A estética dos personagens roça o realismo, especialmente em cutscenes. É fácil ficar de boca aberta a questionar se estamos a ver um videojogo ou um filme. As expressões faciais, os detalhes, os sentimentos estão todos lá e é uma experiência que deve ser absorvida ao seu ritmo.

O motor Decima volta a brilhar, com excelente iluminação, efeitos meteorológicos e um uso subtil, mas eficaz de partículas e neblina. Em termos de som, a banda sonora mantém o tom atmosférico, com faixas melancólicas a marcar os momentos certos — com o regresso de temas de Low Roar e agora também com o trabalho de Woodkid.

Os ambientes não ficam saturados fruto da variedade de ambientes e cenários, bem como surpresas que aparecem pelo caminho como avalanches ou enchentes dos rios que de um momento para o outro, alteram a nossa forma de jogar e abordar uma missão.

Um jogo sobre morte, luto… e esperança?

Tal como o primeiro, esta sequela é profundamente existencial. On the Beach promete mergulhar ainda mais fundo nos temas da morte, do isolamento, do sentido da vida, e da ligação entre seres humanos. Kojima refere frequentemente o conceito de “corda” como símbolo da união — ao contrário do “pau”, que representa conflito.

Aqui, o foco na reconexão é ainda mais premente. Fragile fala em “curar o mundo”, mas para isso será necessário atravessar perdas pessoais e enfrentar verdades desconfortáveis. A narrativa, mesmo sem sabermos todos os detalhes, já sugere grandes revelações e momentos de dor emocional.

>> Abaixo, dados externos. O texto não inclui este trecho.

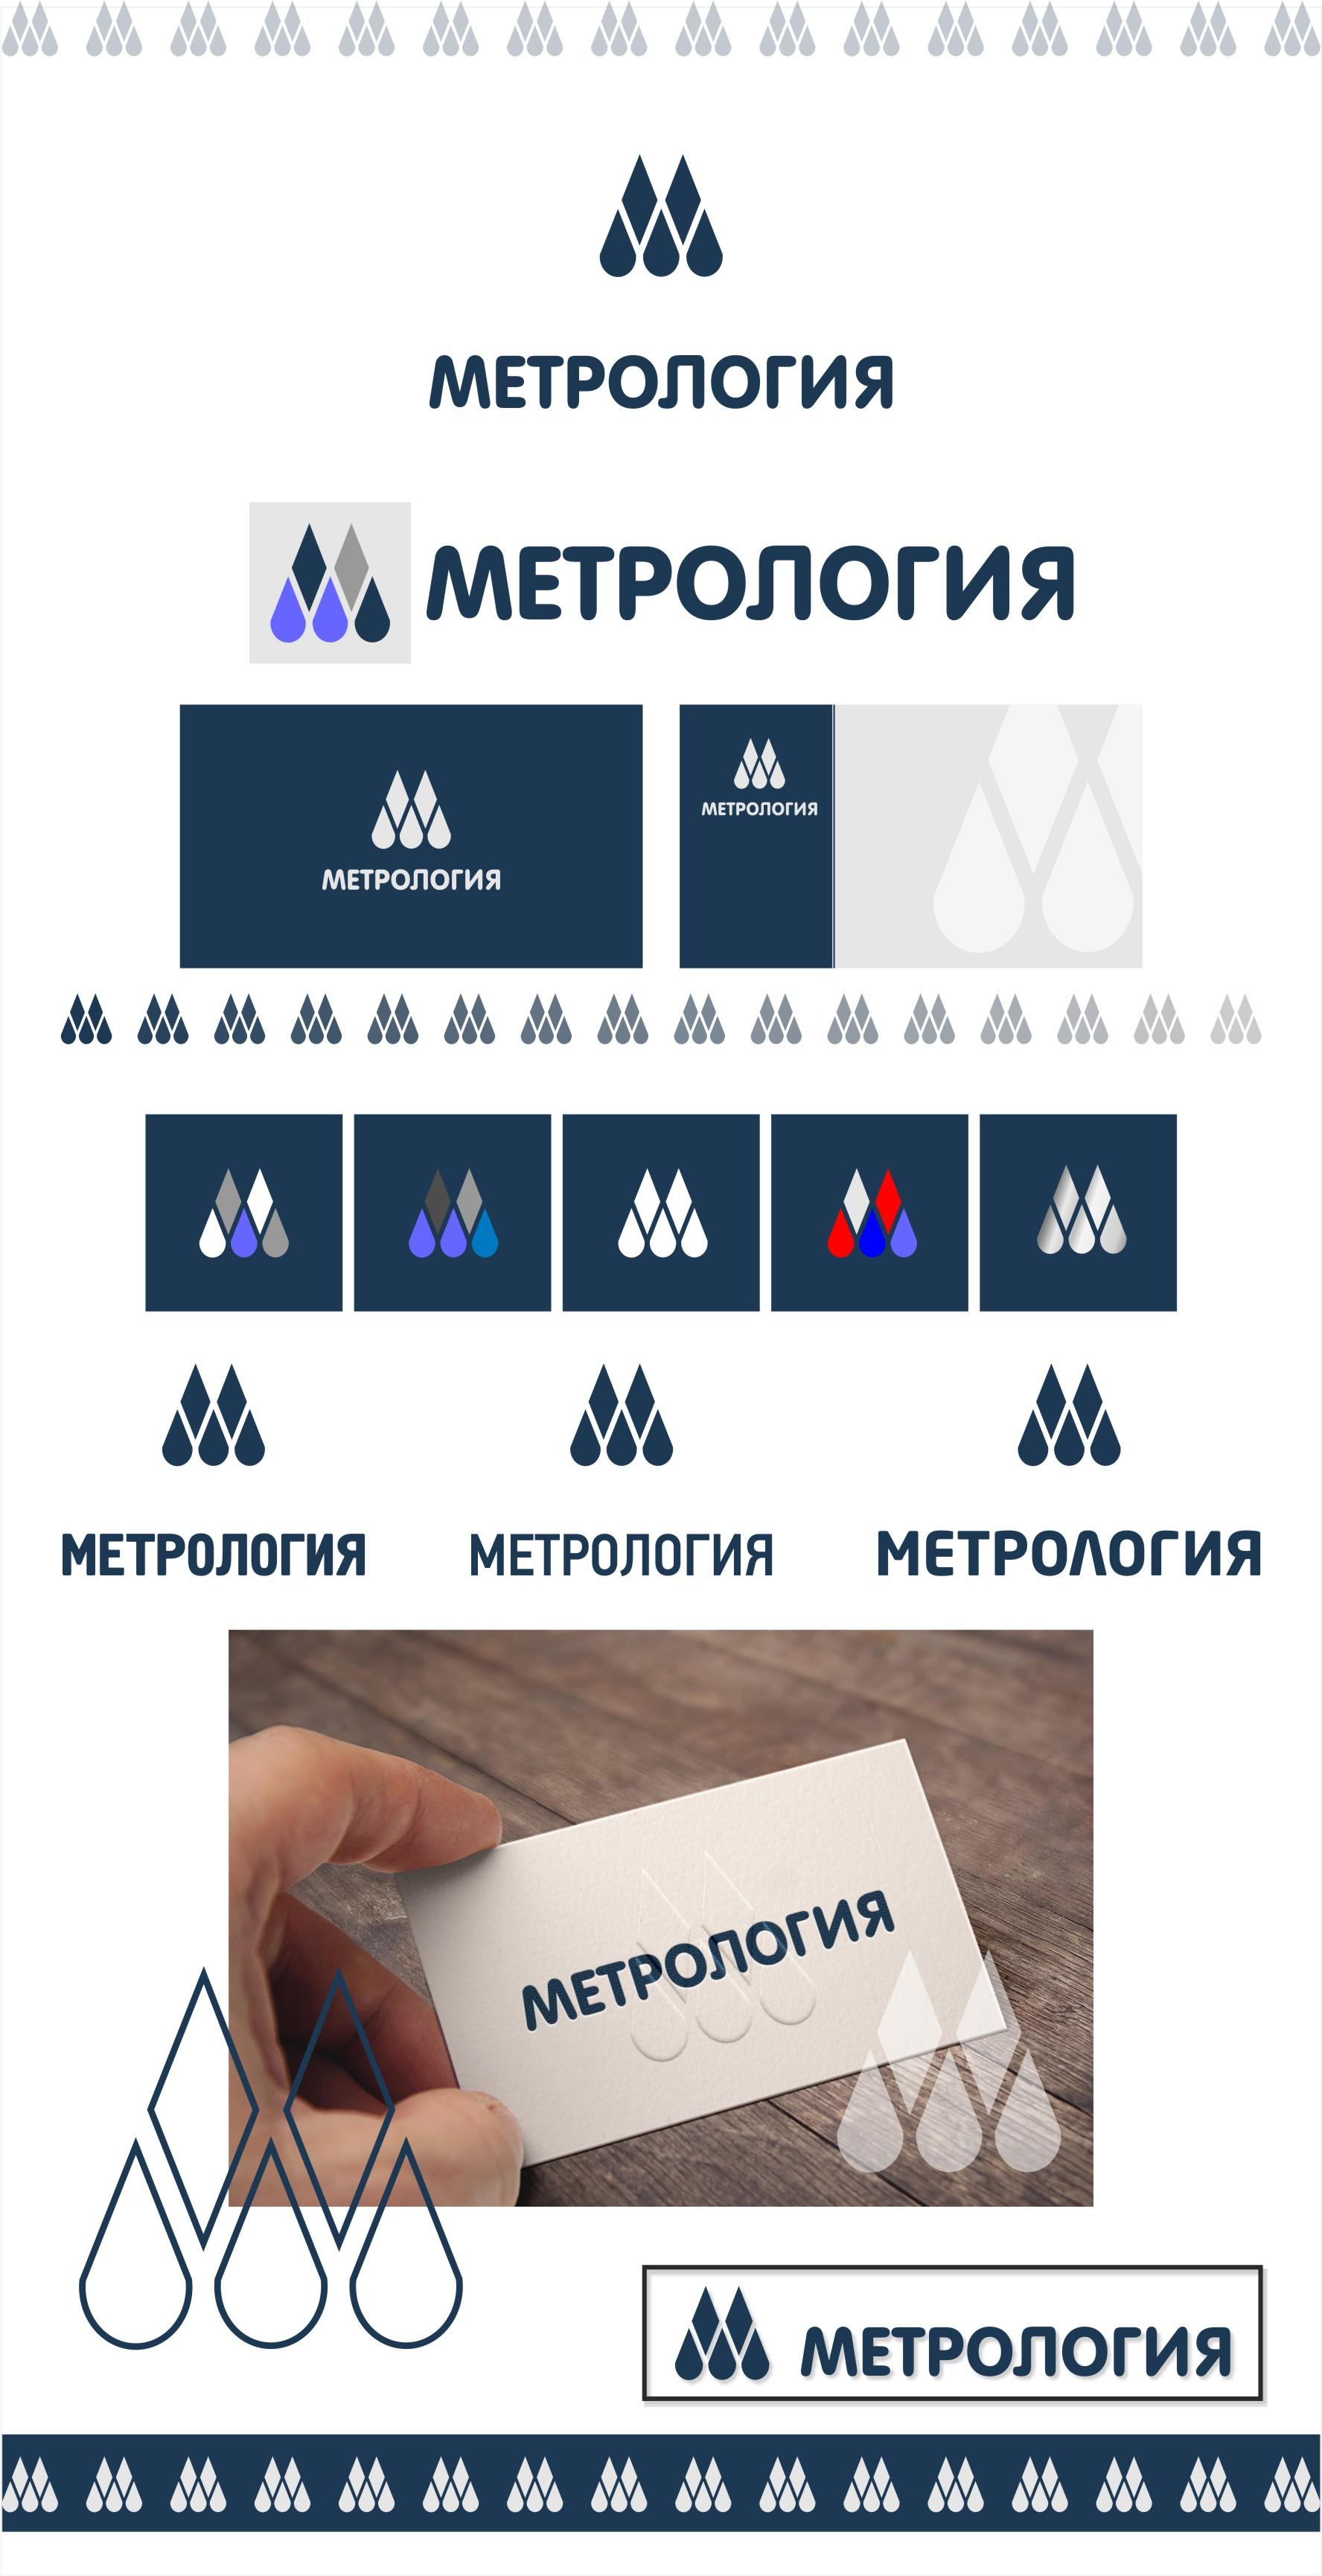 Разработать логотип, визитку, фирменный бланк. фото f_37458ff24a2c28d7.jpg

Tal como o original, Death Stranding 2: On the Beach não será um jogo consensual. A sua estrutura lenta, filosófica e centrada em temas abstratos pode afastar quem procura ação pura e imediata. Mas para quem se deixa envolver, é uma experiência singular — capaz de emocionar, surpreender e provocar reflexão.

Este não é um jogo “para passar o tempo”. É uma obra autoral, que exige paciência e abertura de espírito. Mas a recompensa — tal como a travessia de um território inóspito — está em cada passo dado, em cada ligação construída, em cada momento de silêncio que nos obriga a escutar o mundo.

Em conclusão…

Death Stranding 2: On the Beach promete ser tudo aquilo que se espera de Hideo Kojima: estranho, profundo, original e desafiante. É uma sequela que constrói sobre o legado do primeiro jogo com novas ideias, refinamentos técnicos e uma narrativa que continua a ousar pensar diferente. Pode não ser para todos, mas será certamente inesquecível para muitos.

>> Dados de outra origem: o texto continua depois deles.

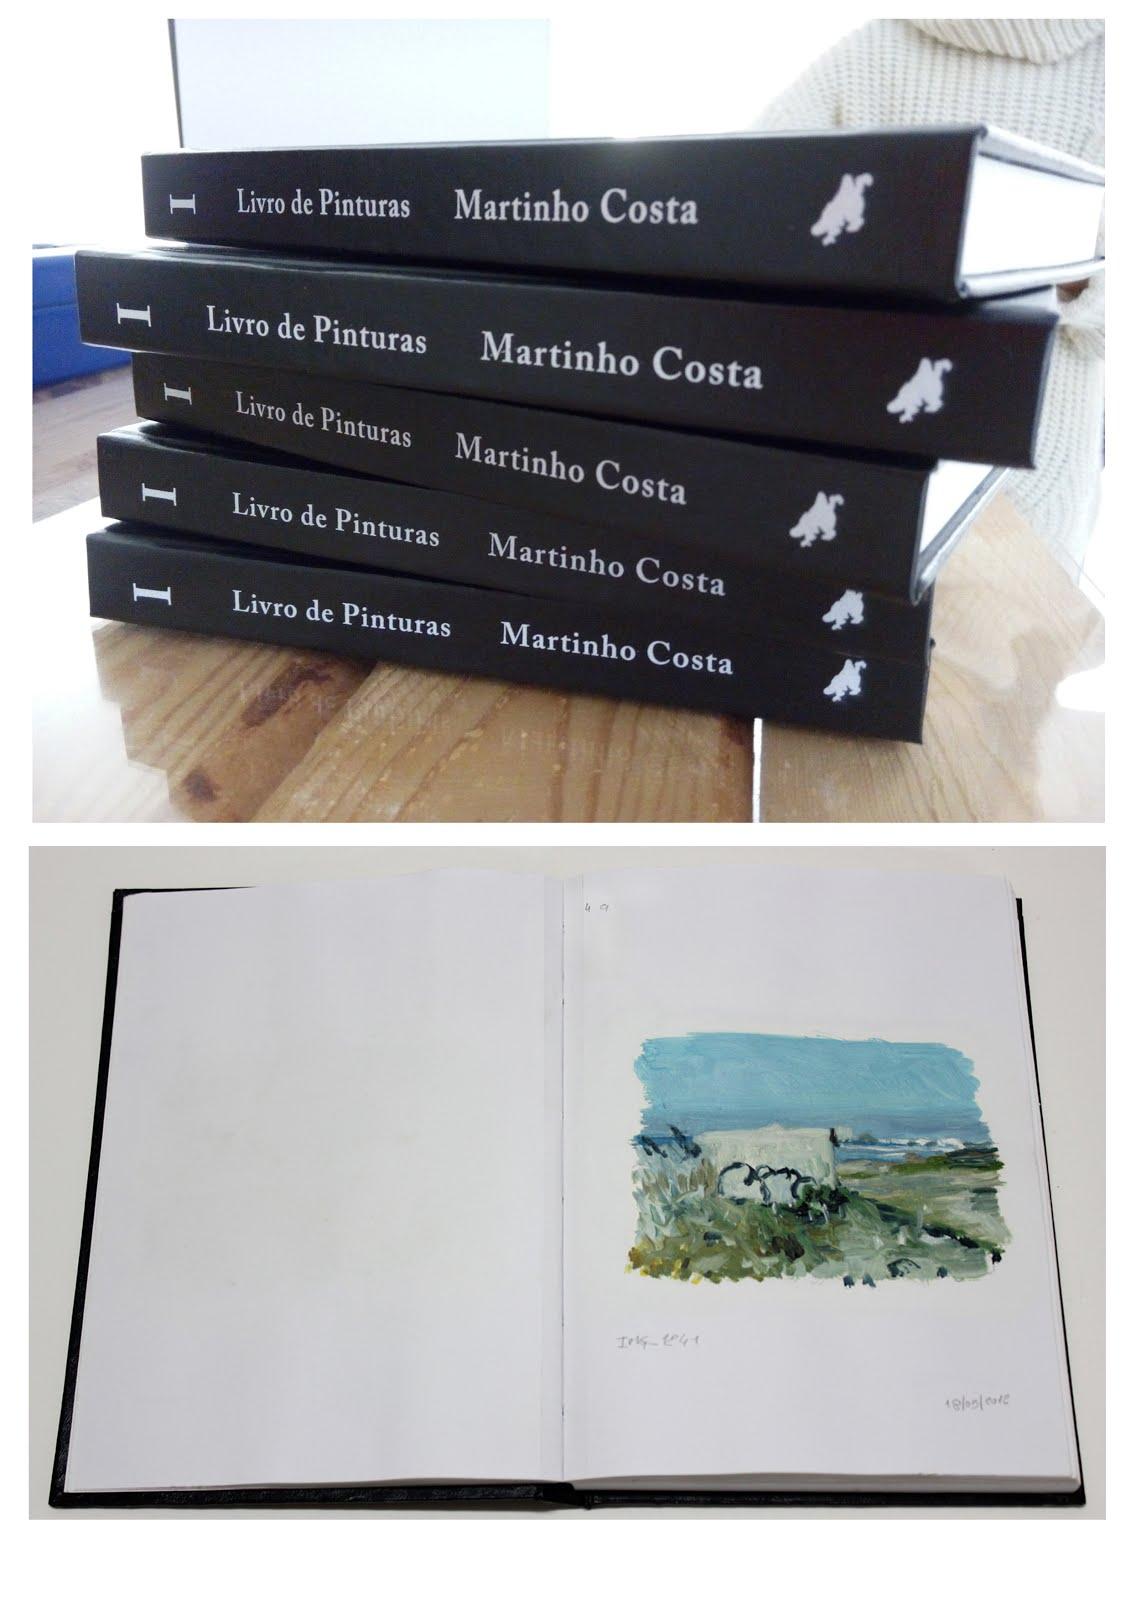 Livro de Pinturas I

Death Stranding 2: On the Beach não é para todos — e nunca quis ser. É uma sequela que não se limita a repetir fórmulas, mas sim a expandir o que tornou o original tão marcante. Kojima, mais do que nunca, mostra-se um autor livre, irreverente e capaz de entregar uma experiência que desafia convenções.

É um jogo que exige entrega do jogador. Que recompensa a paciência e a curiosidade. Que abraça o absurdo, mas também a emoção. E que, no final, consegue ser mais do que um videojogo: é uma experiência — estranha, mas bela.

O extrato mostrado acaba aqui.